An ‘artificial nose’ that can detect scent is closer to becoming a reality. This follows the development of a platinum-based molecule that works as a sensor to detect hard-to-differentiate volatile scent compounds, known as terpenes. Terpenes are responsible for, among other things, the scents of plants, resins or citrus fruits. Many terpenes exist in two mirror-image forms, called enantiomers.
The platinum-based sensor molecule has a fixed, three-dimensional shape and can combine with other identical molecules to form tiny, stack-like nanostructures. Upon interaction with volatile scent compounds, the arrangement of the platinum molecules changes — and this response differs depending on which scent is present. The change in the sensor molecules can also be reversed. Once the scent compounds are removed, the molecules return to their initial state and can be used again.
The development, from researchers at Switzerland’s University of Basel, provides a basic functional principle for future sensor systems that could ‘smell’. Systems of this kind would have potential applications in environmental analysis, quality control or the investigation of atmospheric processes — without the need for elaborate measuring equipment.

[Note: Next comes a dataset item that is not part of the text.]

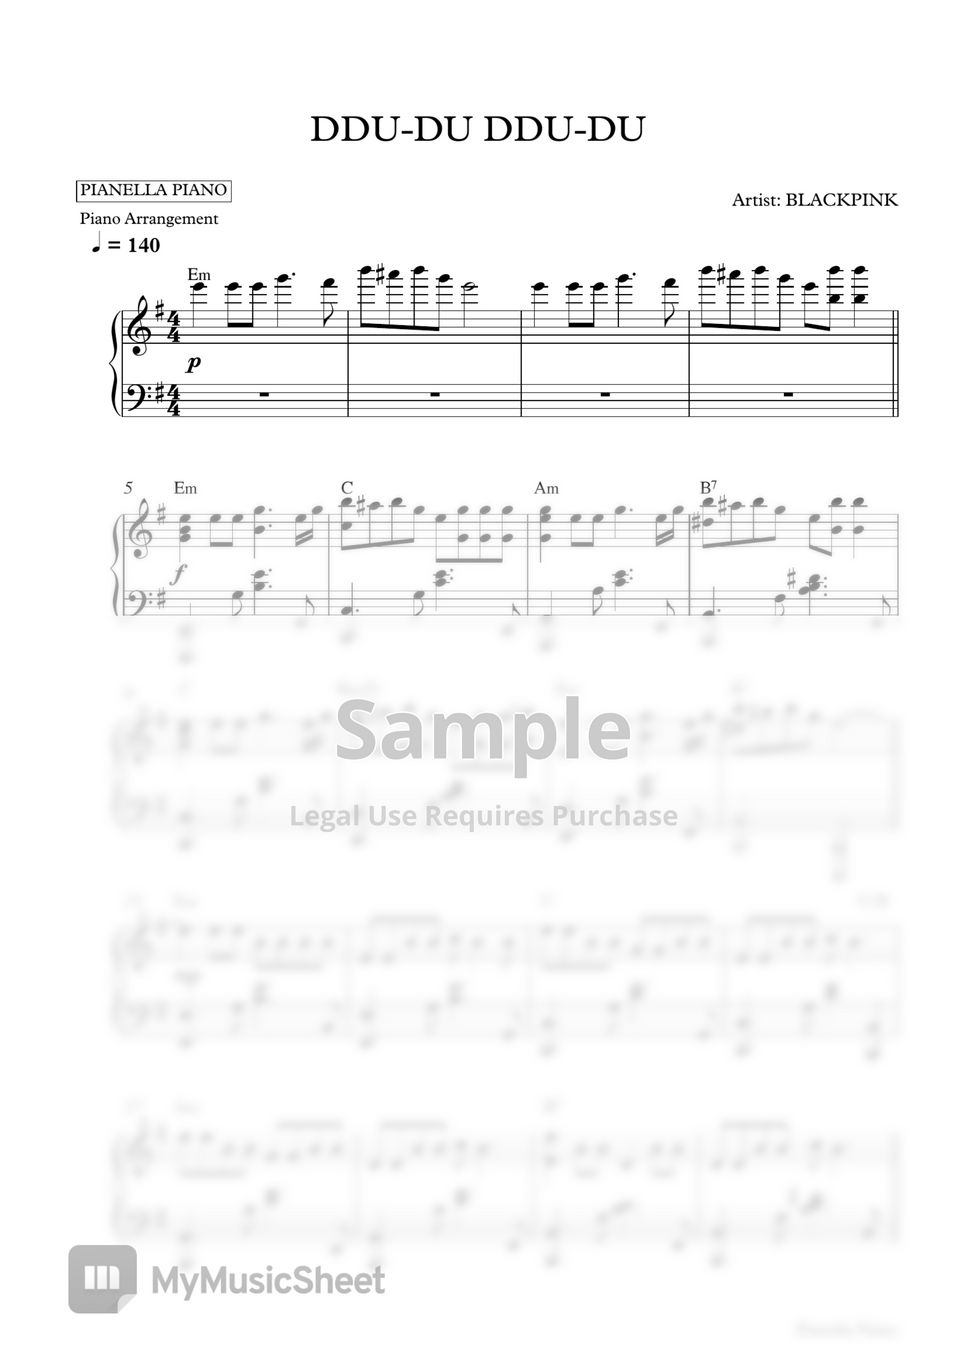 BLACKPINK - DDU-DU DDU-DU (Piano Sheet) by Pianella Piano

Demand for hydrogen sensors
Meanwhile, researchers at Chalmers University of Technology, Sweden, have produced a new hydrogen gas sensor that is well-suited to humid environments – actually performing better the more humid it gets. The performance of existing hydrogen gas sensors can be impaired when in humid environments, which is a challenge because where there is hydrogen, there is very often humidity.

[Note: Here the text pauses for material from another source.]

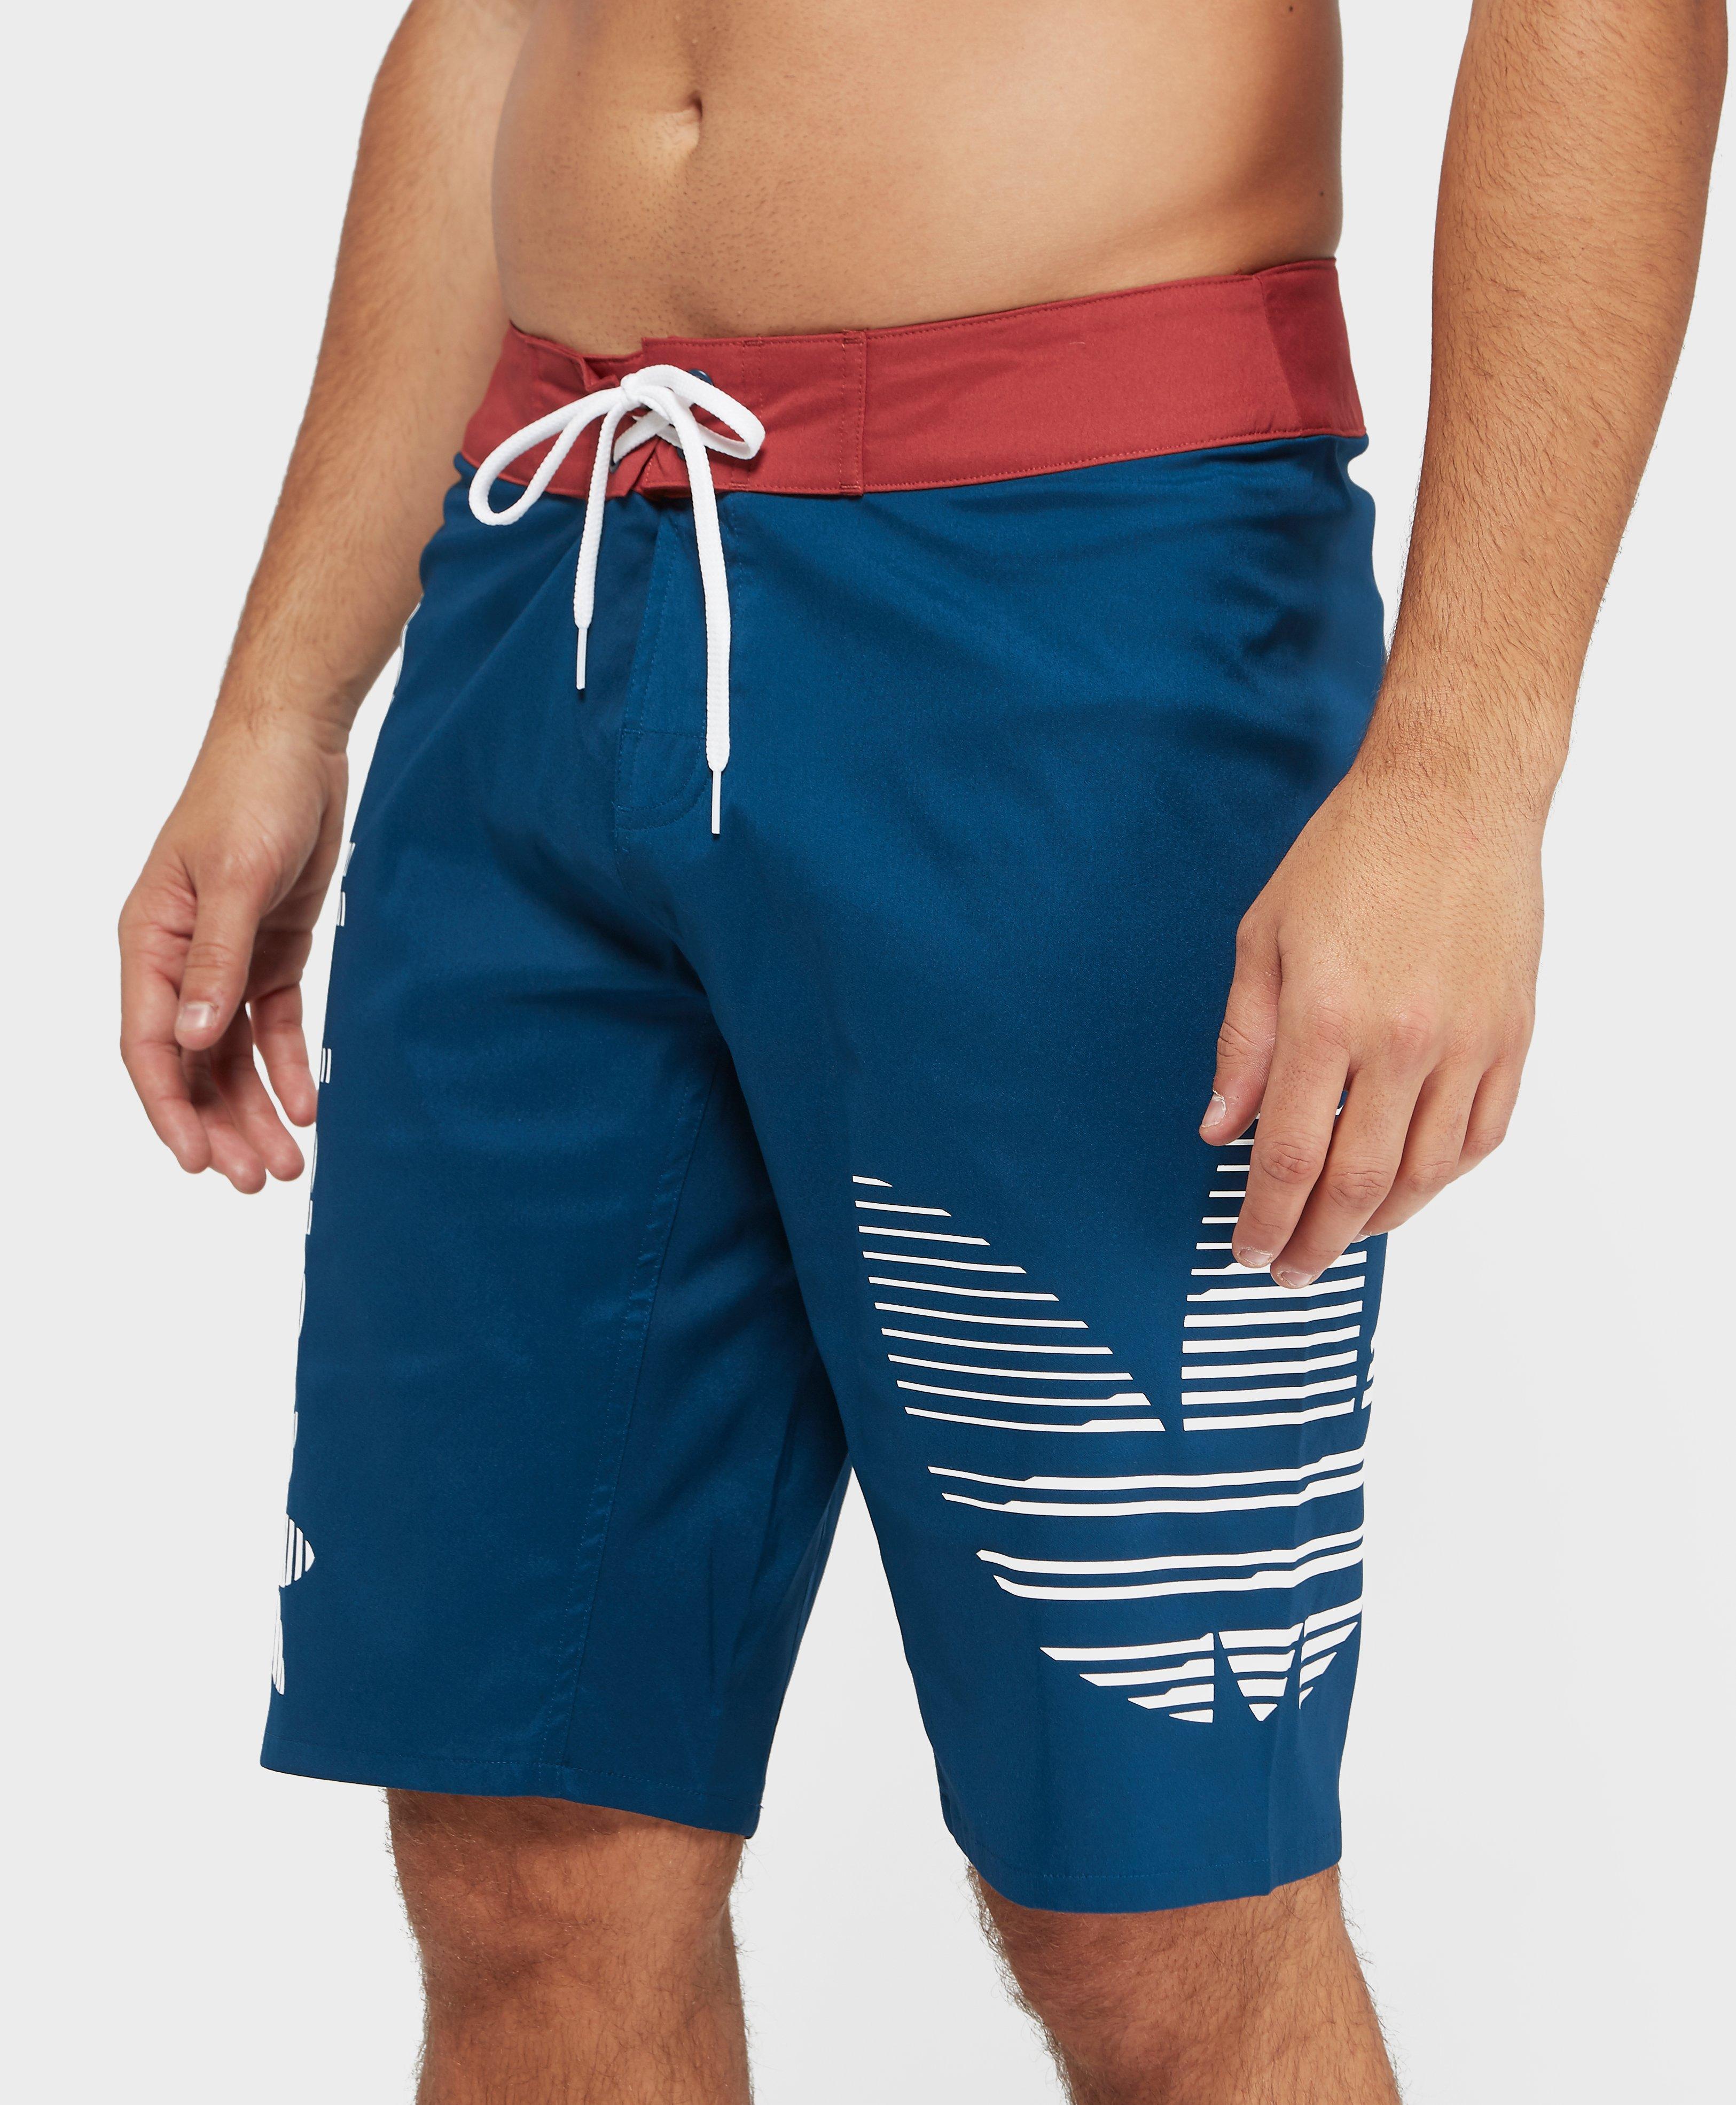 adidas Originals As Board Swim Shorts in Blue for Men - Lyst

A new platinum-based hydrogen sensor has been recently developed. Picture credit: Chalmers University of Technology | Mia Halleröd Palmgren
The new humidity-tolerant hydrogen sensor fits on a fingertip and contains nanoparticles of platinum. The particles act as both catalysts and sensors at the same time. This means that the platinum accelerates the chemical reaction between hydrogen and oxygen from the air, which leads to heat development that causes the humidity, in the form of a film of water on the sensor surface, to ‘boil away’.
The amount of hydrogen in the air determines how much of the water film boils away, and the moisture content in the air controls the thickness of the film. It is therefore possible to measure the concentration of hydrogen by measuring the thickness of the water film, and since the thickness of the water film increases as the air becomes more humid, the sensor’s efficiency increases at the same rate.
There is currently strong demand for hydrogen sensors that perform well in humid environments, especially as hydrogen plays an increasingly important role in society due to the energy transition. Effective hydrogen sensors are required to detect leaks and prevent the formation of flammable oxyhydrogen gas when hydrogen is mixed with air.